DeFi tokens like Yearn.finance’s YFI and Uniswap’s UNI rose nearly 30% after Ether’s sudden rebound. Hence, Vinokourov stressed that the broader Ethereum ecosystem could soon benefit from Bitcoin’s rally:
“All eyes may be on Bitcoin and its surge above the $ 15,000 level. However, the recent development update regarding Ethereum may see some capital pouring back into Ethereum and its wider ecosystem. This does not mean that Bitcoin is actively being sold, but the trend of blocking Bitcoin on the Ethereum network can accelerate and apply to oversold DeFi and DEX tokens like Uniswap. “
On Ether’s historical tendency to rise after a Bitcoin rally, crypto traders have said that ETH could soon rise against Bitcoin. Michaël van de Poppe, a full-time trader on the Amsterdam Stock Exchange, said the ETH / BTC trading pair had reached an important area of support. Van de Poppe explained, “It took forever, but ETH got to the 0.026 range that we talked about a lot.” This is a big support zone for ETH.
The release of Ethereum 2.0 plays a role
The release of Ethereum 2.0 in the near future is critical to Ether’s momentum, as the network upgrade would significantly increase ETH’s transaction capacity. This would allow the new DeFi cycle to have a long lifespan if it did occur as it would reduce the risk of network congestion and high transaction fees. Since Ethereum 2.0 supports staking and allows users to assign 32 ETH to the network in exchange for incentives, this could reduce the circulating supply of ETH across exchanges.

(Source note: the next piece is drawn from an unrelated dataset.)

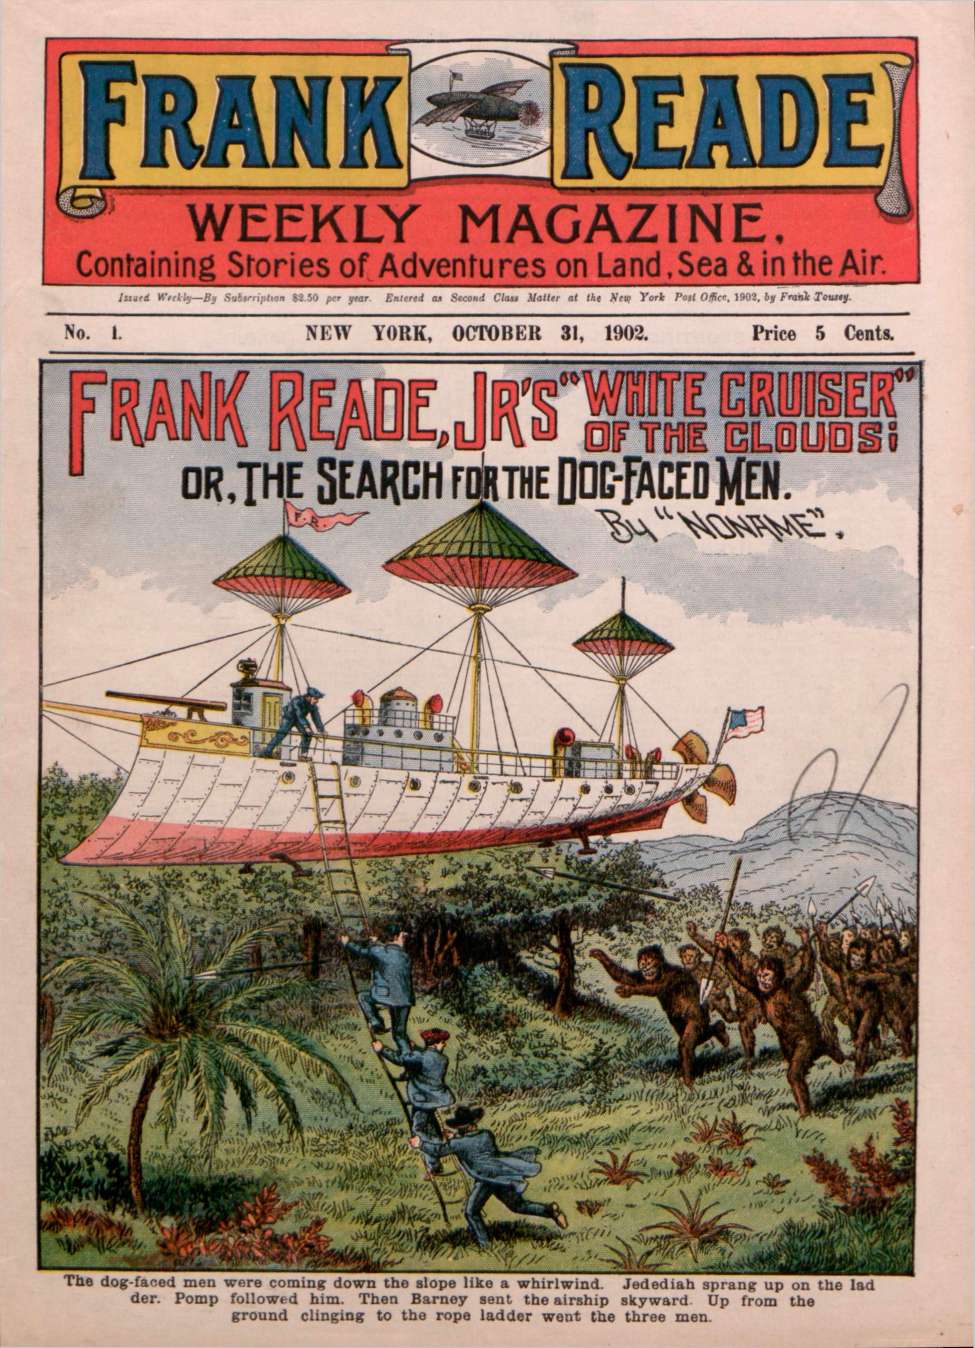 Comic Book Cover For Frank Reade Weekly Magazine v1 1 - White Cruiser of the Clouds

According to the blog post by Ethereum co-founder Vitalik Buterin entitled “Why Proof of Stake”, the use of Ethereum will reward users with a return of 15%. Since the return is based on the holdings of ETH and not on the US dollar, the incentives to use increase with the price of ETH. So analysts expect more investors to accumulate ETH to put it, which would ease the pressure on the sell side.
The market and community have been expecting Ethereum 2.0 for several years, but challenges have delayed its release. For Ethereum 2.0, due to the complexity of the upgrade, several test networks with an immense test effort were required. Developers behind Ethereum 2.0 wrote on the Github page of the Medalla testnet:
“Before such a mainnet can be started, we need test networks that mimic the mainnet conditions as closely as possible. This requires that stable, long-term and permanent test networks are set up that are supported not just by one client but by several clients, ideally all clients. “
The mood around Ether has become increasingly optimistic as the launch of Ethereum 2.0 coincides with various cheap catalysts for ETH. A pseudonymous cryptocurrency trader called “Loma” indicated that Ethereum 2.0 will take about $ 1 billion off the market. As supply plummets, Bitcoin’s rally is bringing significant capital back into cryptocurrency as the ETH / BTC trading pair forms a bottom formation.
The Ethereum 2.0 excitement has increased after Buterin’s personal wallet sent 3,200 ETH to an Ethereum 2.0 deposit address. According to the official Ethereum 2.0 release notes from coordinator Danny Ryan, the Ethereum 2.0 upgrade can begin if there are 16,384 deposits from 32 ETH seven days before December 1st. After years of research, testing, and implementation, there is finally a tough date for its release.
The Ethereum 2.0 confluence is approaching, which would benefit the entire Ethereum and DeFi ecosystem in terms of scaling, and the strength of the ETH / BTC trading pair makes a rally in November and December more likely. There’s also narration that ETH rose significantly to its all-time high of $ 1,419 in January 2018, almost a month after BTC hit its record high of $ 20,000.